1. Who am I going to go see AA/TobyMac/Kutless/Hawk Nelson with? I want to go so bad, but not by myself, or with anybody here. Laura? Megan? Kate? No, they won't wanna go. Who?? I have to go! Ahhh!! I wish Ang was here.
2. Crap, I only have till April 15 (the end of gned) to talk to Bryan Nance! How in the heck am I gonna do it? I have my great line "Hey, you're in my gned class, aren't you?" if I see him again, but it would have to be outside of class. And that is just sheer luck. I am so dumb...I have wasted this year.
3. Ugh, I have to study for my history test tomarrow. What a crappy Sunday. I'm gonna fail regardless of whether I study or not.
4. Oh, this song, and the last one, and the other one all remind me so much of O.E! What good times! I miss O.E. It was so much funner when you were younger though. Too bad.
5. Why is this almost-emo boy behind me with such a preppy girl? It's gross. And why won't the girl with the huge nose in front of me let got of her boyfriend's arm for just one second? She's been hanging on him like a little kid the whole time!
And then, unknowingly, I turned to Lauralynn (the girl I went w/) to say how much I loved this song (Deeper) and how it reminded me of good ol' summer camp. As I turn, I look at the row of people behind me. OH. There he is. He wasn't there earlier! How long has he been there? Have I done anything dumb? I hope not. So, I there I am, armed with my great line, my favorite tie, my ultral-cool red fingerless glove and a crap load of confidence (I mean, the poor boy was wearing a white thermal underwear shirt!) The target: Mr. Bryan Nance, Jr.
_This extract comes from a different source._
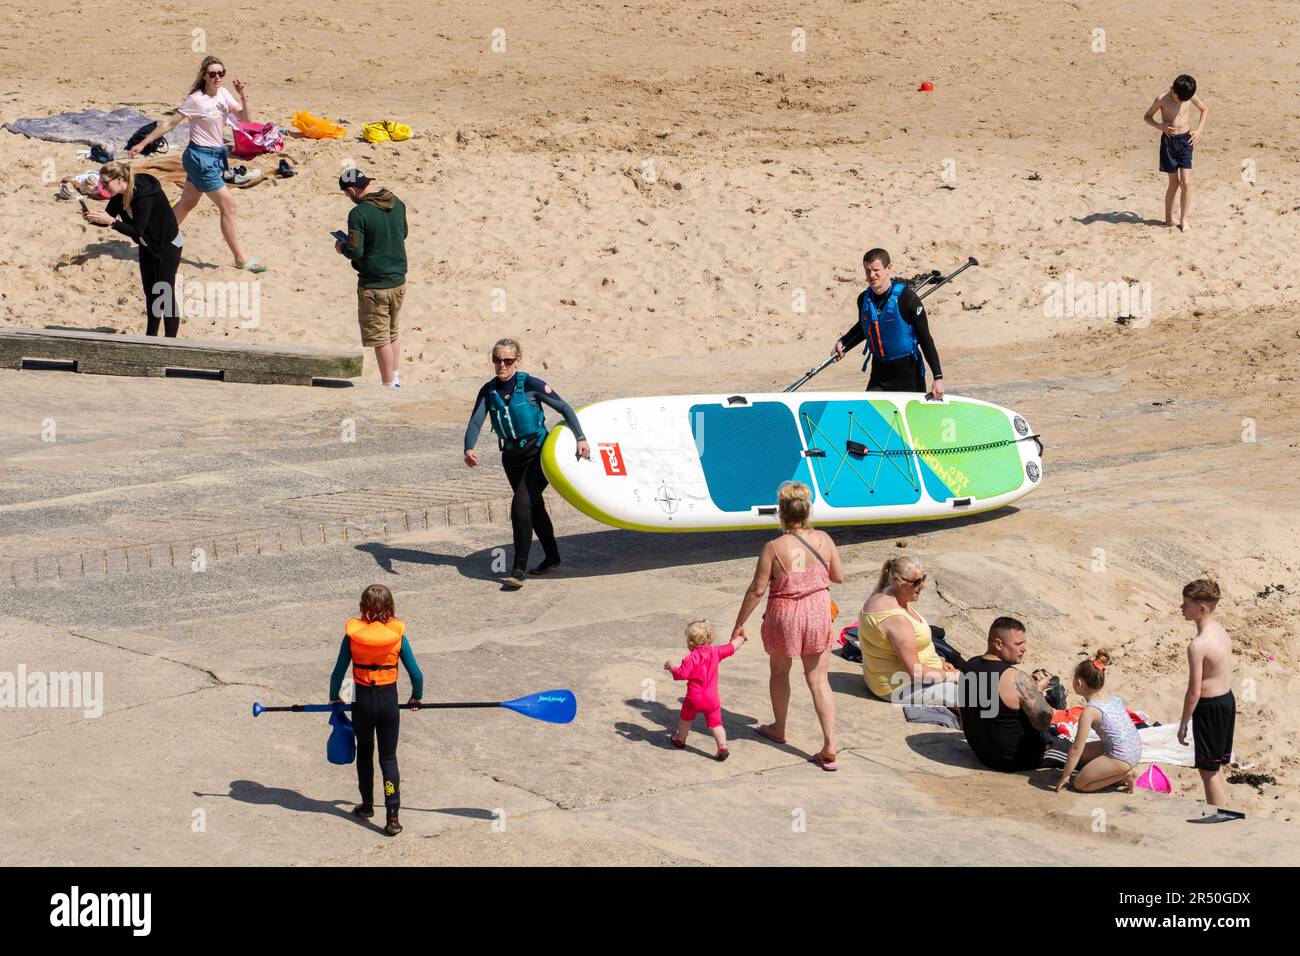 People enjoying the beach in sunny weather, including stand up paddleboarders with their board. Cullercoats Bay, North Tyneside, UK Stock Photo

So, he definetly saw me, there was eye contact. Good, I think. As soon as the show is done and we're making our way towards the aisle, I can casually catch his eye and be like "Hey! ..." It's simple. The line is perfect. I look cooler than him
again. I swear, this is fate. There he is again, right behind me, when there is a huge room in which he could have sat anywhere. It's meant to be, I think. We are going to be the best of friends.
I'm dying for the show to be done know. Come on, come on! No! Not one more song! No encore! But, wait, I turn around ... he has disappeared as suddenly as he arrived. Where the heck did he go? He should be right back. I mean, I had the LINE, darn it!
But my wishing was to no avail. He never came back. We slowly make our way to the aisle, as I subtly but ferverishly search the crowd for that unmistakably dinosaury face. No luck. We are going out the door now, it's over. No more chances.
What??? No! He is going in as everybody else comes pouring out! He walks right past me and, If I might add, there was very good eye contact. And that is it. I come back here, he ... I don't know.
So much for fate. So much for tonite being the beginning of our bandy best friendship. But, see, it was his fault this time, not mine, like it was at Goodwill. He shouldn't have left. Doesn't he realize that not only my, but his, destiny rests on him talking to me? Conversation with me could alter the course of his life. Man, I should be a drama writer. I have turned this little
un-event into a soap opera! Hehe, it was funny, though :) Admit it.